BACKGROUND AND OBJECTIVE: Neonatal respiratory disease, particularly bronchopulmonary dysplasia, remains one of the leading causes of morbidity and mortality in newborn infants. Recent evidence suggests nosocomially acquired viral respiratory tract infections (VRTIs) are not uncommon in the NICU. The goal of this study was to assess the association between nosocomial VRTIs, neonatal respiratory disease, and the health care related costs.
METHODS: A matched case–control study was conducted in 2 tertiary NICUs during a 6-year period in Nottingham, United Kingdom. Case subjects were symptomatic neonatal patients with a confirmed real-time polymerase chain reaction diagnosis of a VRTI. Matched controls had never tested positive for a VRTI. Multivariable logistic regression was used to test for associations with key respiratory outcomes.
RESULTS: There were 7995 admissions during the study period, with 92 case subjects matched to 183 control subjects. Baseline characteristics were similar, with a median gestation of 29 weeks. Rhinovirus was found in 74% of VRTIs. During VRTIs, 51% of infants needed escalation of respiratory support, and case subjects required significantly more respiratory pressure support overall (25 vs 7 days; P < .001). Case subjects spent longer in the hospital (76 vs 41 days; P < .001), twice as many required home oxygen (37%; odds ratio: 3.94 [95% confidence interval: 1.92–8.06]; P < .001), and in-hospital care costs were significantly higher (£49 664 [$71 861] vs £22 155 [$32 057]; P < .001).

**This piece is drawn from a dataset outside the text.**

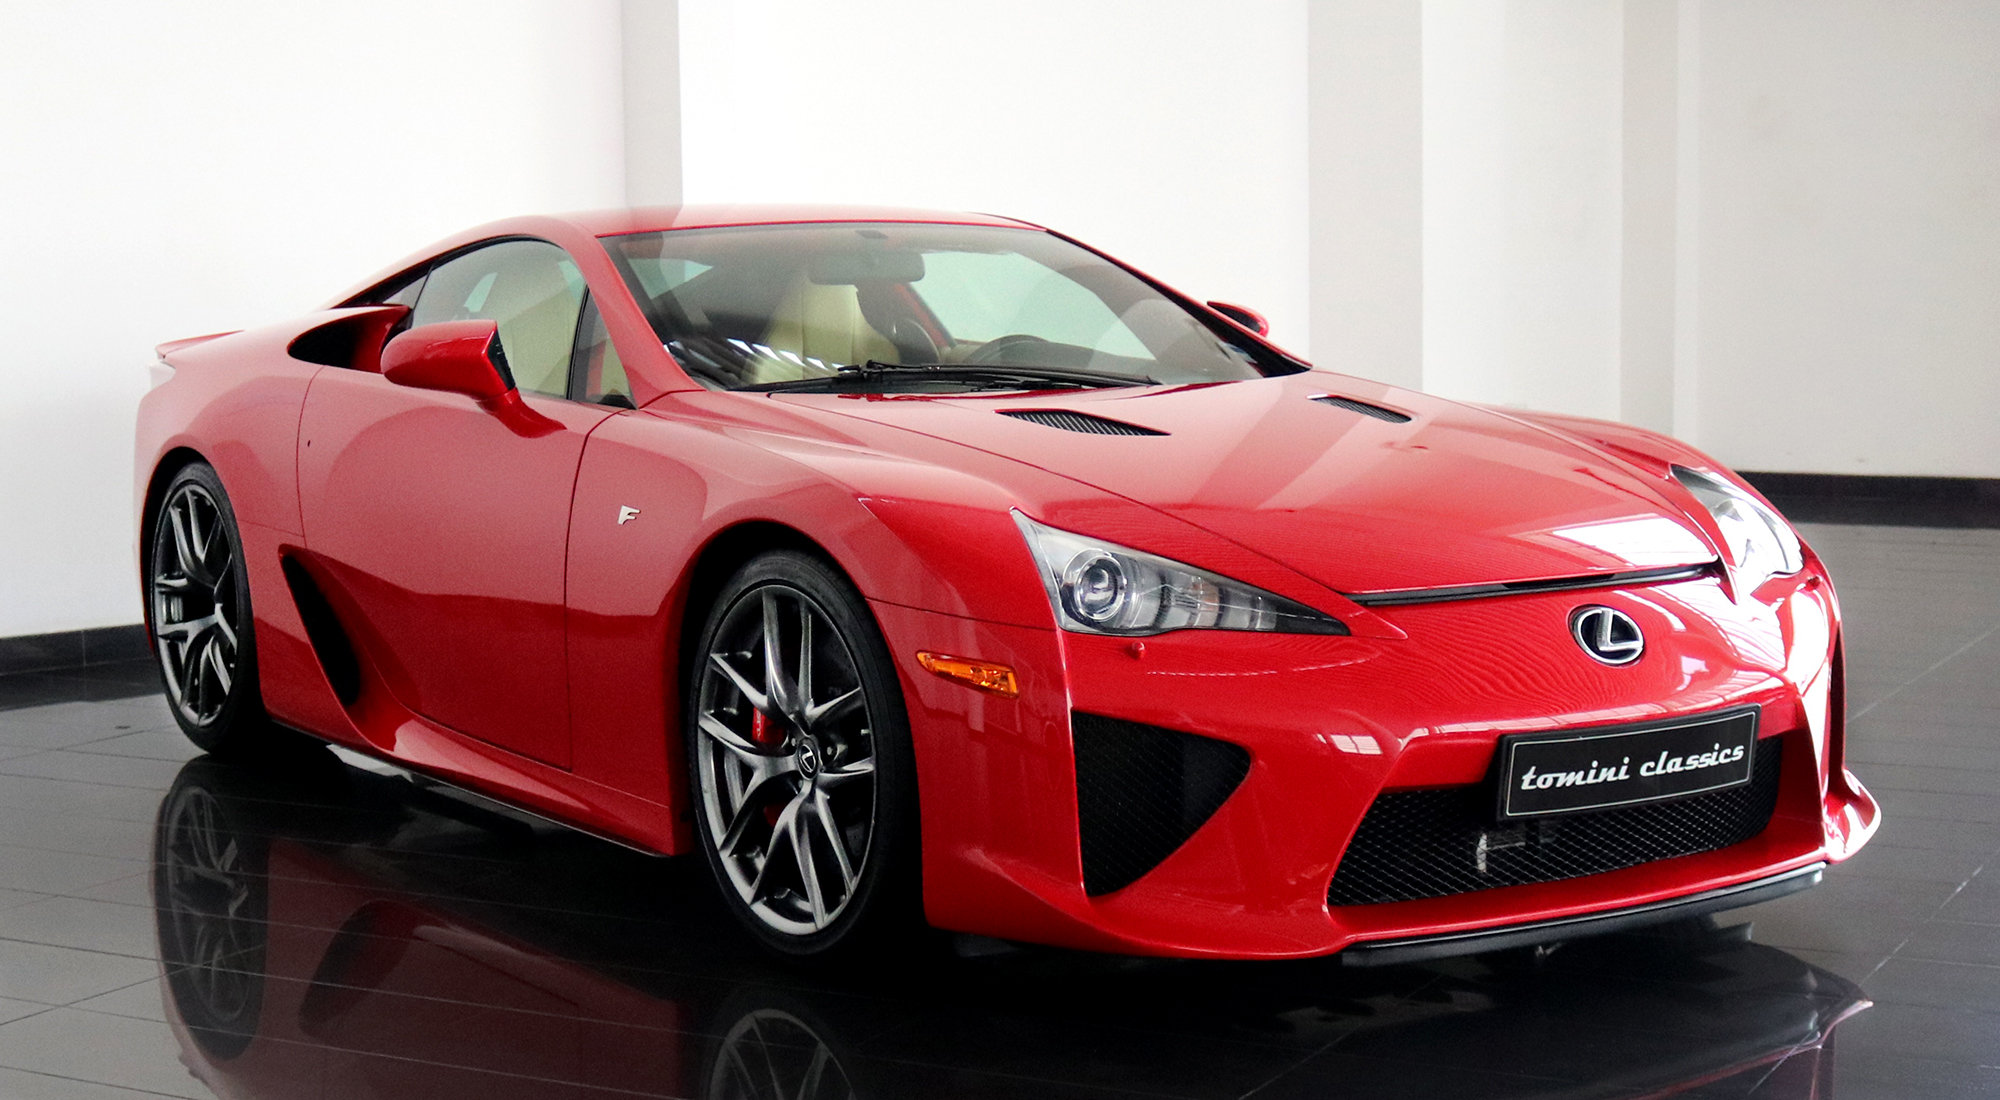 Lexus LFA (2012) For Sale (picture 1 of 6)

CONCLUSIONS: Nosocomial VRTIs in neonatal patients are associated with significant greater respiratory morbidity and health care costs. Prevention efforts must be explored.
- BPD —
- bronchopulmonary dysplasia
- CI —
- confidence interval
- IQR —
- interquartile range
- OR —
- odds ratio
- PCR —
- polymerase chain reaction
- VRTI —
- viral respiratory tract infection
What’s Known on This Subject:
Viral respiratory tract infections (VRTIs) cause severe respiratory morbidity in ex-preterm infants after NICU discharge. VRTIs are now recognized to be more prevalent in the NICU, but their impact, before discharge, during this early period of life is unclear.
What This Study Adds:
This study identifies the adverse impact that VRTIs, particularly rhinovirus, have on newborn infants during their initial NICU admission. Identification of the associated significant respiratory morbidity and health care costs should focus efforts on reducing these nosocomially acquired infections.
Neonatal bronchopulmonary dysplasia (BDP) is associated with long-term respiratory morbidity, including asthma, chronic obstructive airways disease,1–3 and poor neurodevelopmental outcomes.4 Despite improvements in the respiratory management of preterm infants, and subsequent increased survival, many countries have not reported reductions in BPD. In the United Kingdom, 68% of extremely preterm survivors born in 2006 had BPD, unchanged from 1995 rates.5 Current US estimates suggest there are between 5000 and 10 000 new cases of BPD annually,2 with respiratory causes of death second only to immaturity in extremely preterm infants.6
The pathogenesis of BPD is multifactorial; the presence of inflammation and prematurity are key factors. The inflammatory changes observed are usually a result of infection, ventilatory trauma, and hyperoxia.7 Few studies have explored the impact of viral respiratory tract infections (VRTIs) in this process, although animal studies have highlighted their potential adverse role.7,8 After discharge from the NICU, surviving preterm infants with subsequent VRTIs are more likely to develop severe respiratory disease or experience recurrent wheeze and asthma.9–11
Nosocomial VRTIs are often unrecognized or clinically underdiagnosed in the NICU,12,13 with up to 52% of admissions testing positive for viral DNA according to polymerase chain reaction (PCR).14 It is therefore plausible that VRTIs acquired during the NICU period could worsen BPD in preterm infants, although previous studies have mostly been small observational cohorts.12,13,15–19 The goal of the present study was to assess the association between nosocomial VRTIs acquired in the NICU and respiratory morbidity up to hospital discharge.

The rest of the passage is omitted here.